§ **Problem to solve**
Return the data below unaltered, but strip out the pictures.

§ **Data provided**
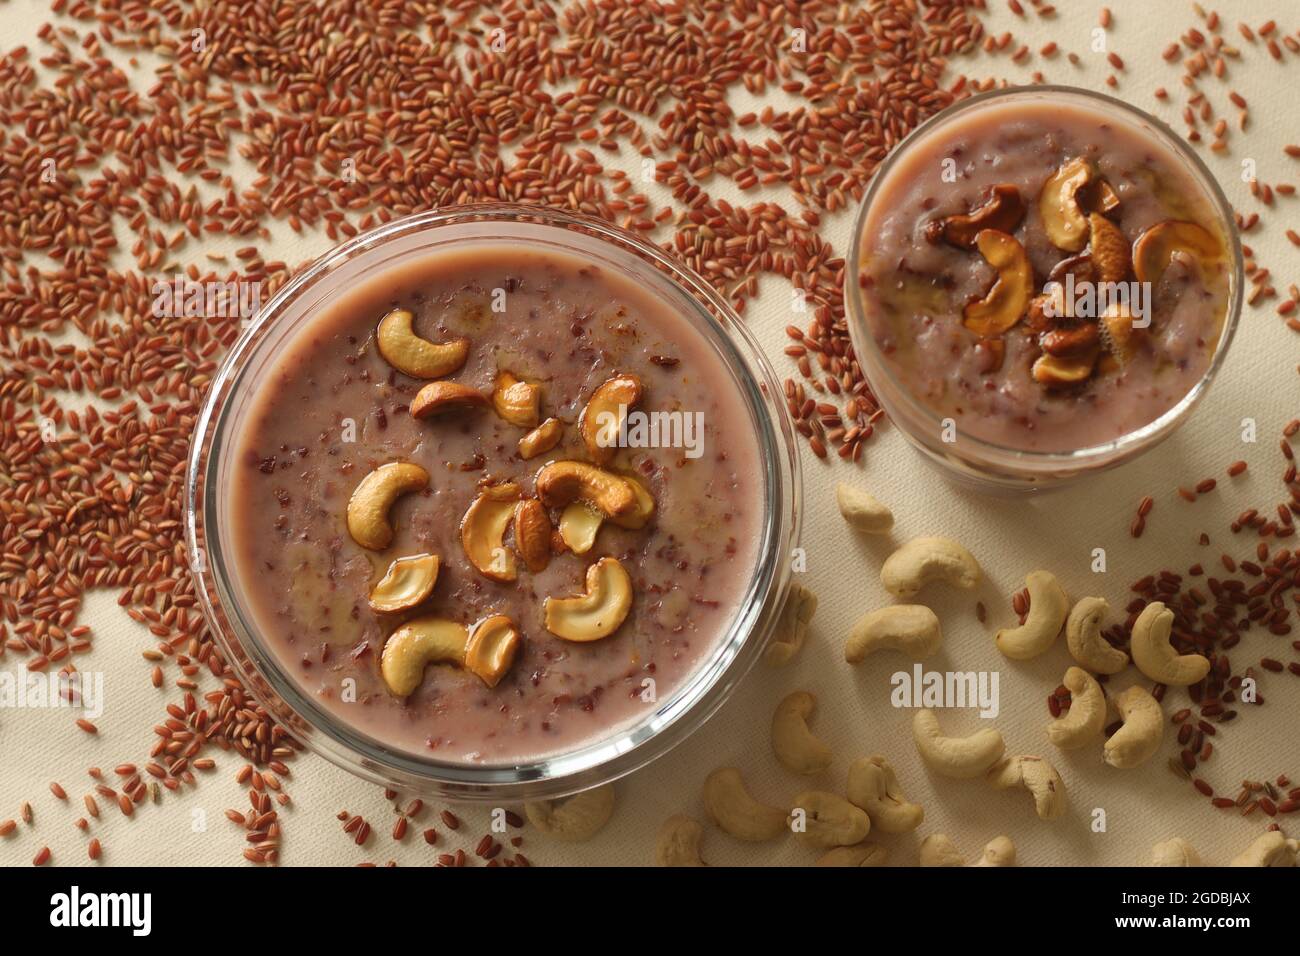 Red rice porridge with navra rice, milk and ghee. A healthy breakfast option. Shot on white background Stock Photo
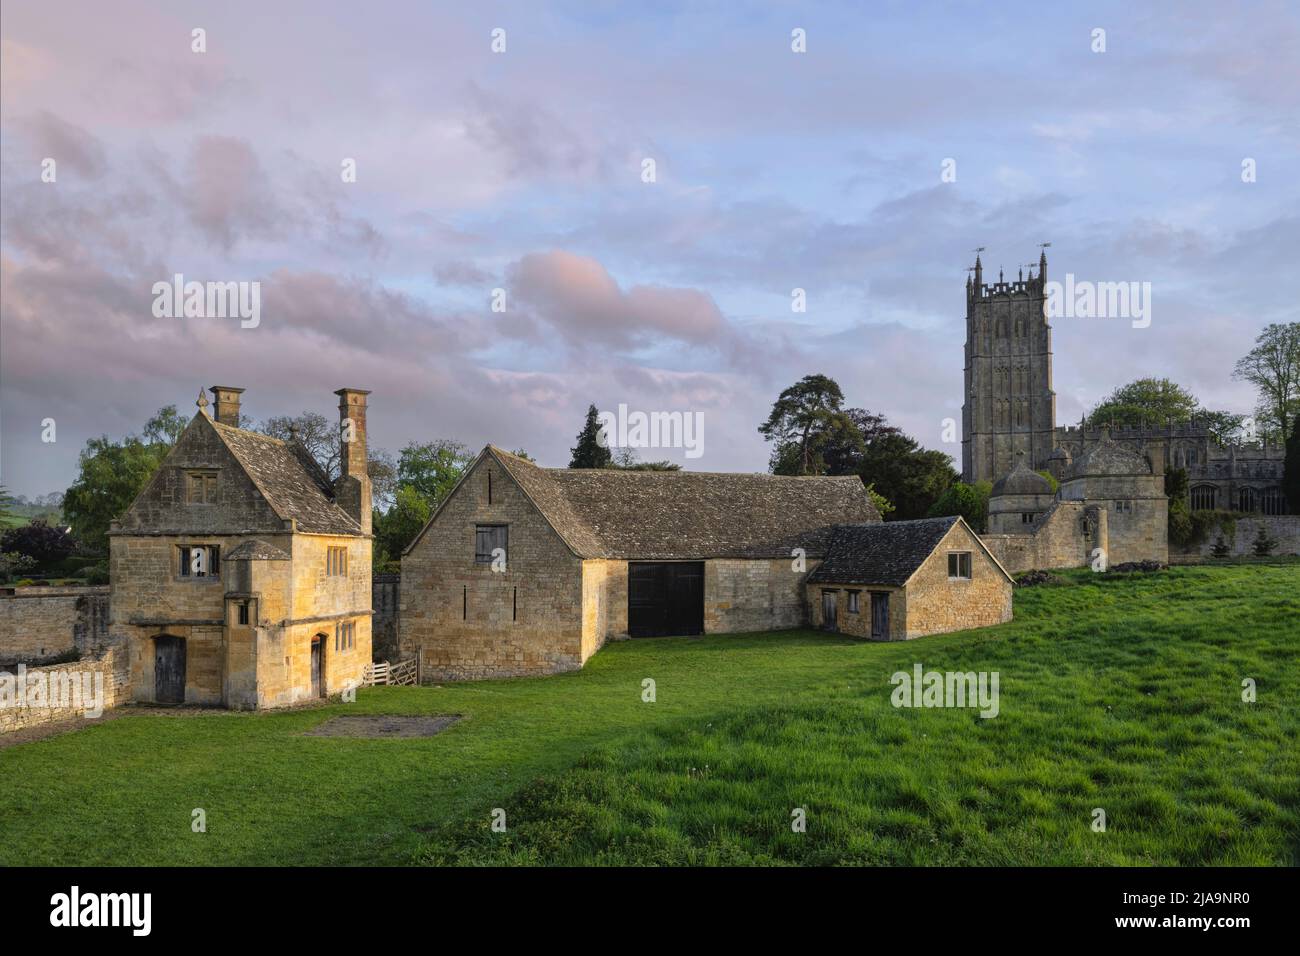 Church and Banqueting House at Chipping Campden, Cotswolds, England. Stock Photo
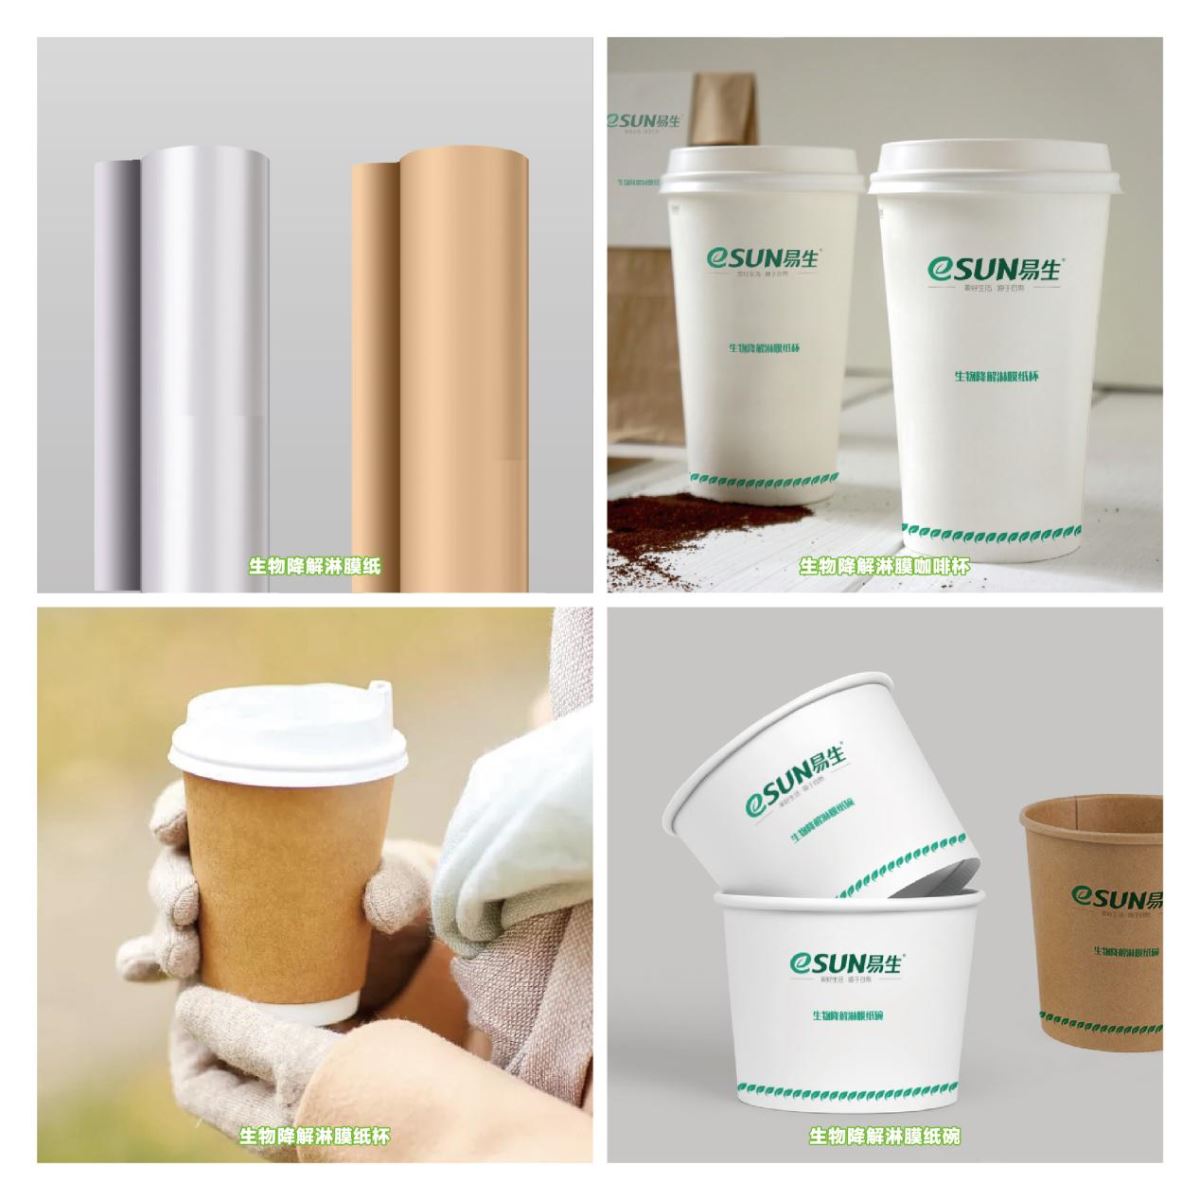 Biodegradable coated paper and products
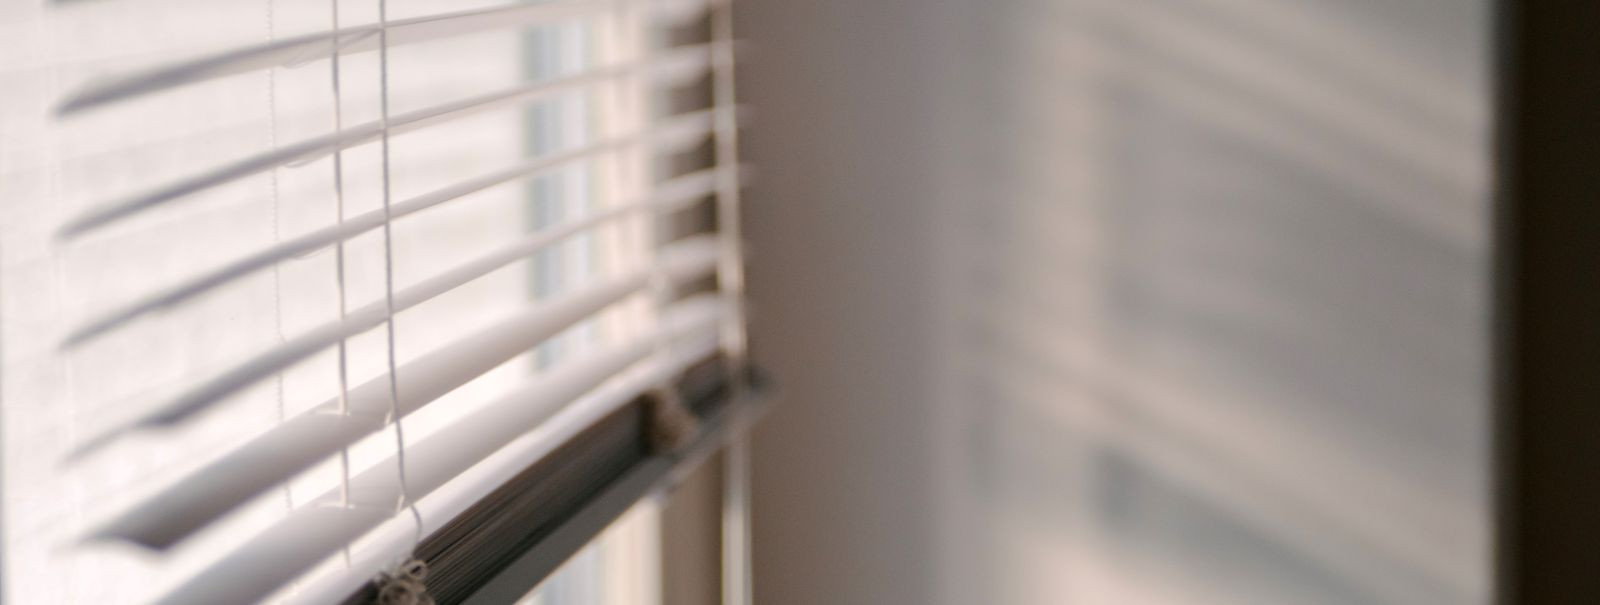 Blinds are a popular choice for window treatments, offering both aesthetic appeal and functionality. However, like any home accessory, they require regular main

§ **Expected answer**
 Red rice porridge with navra rice, milk and ghee. A healthy breakfast option. Shot on white background Stock Photo
 Church and Banqueting House at Chipping Campden, Cotswolds, England. Stock Photo
 Biodegradable coated paper and products
 Blinds are a popular choice for window treatments, offering both aesthetic appeal and functionality. However, like any home accessory, they require regular main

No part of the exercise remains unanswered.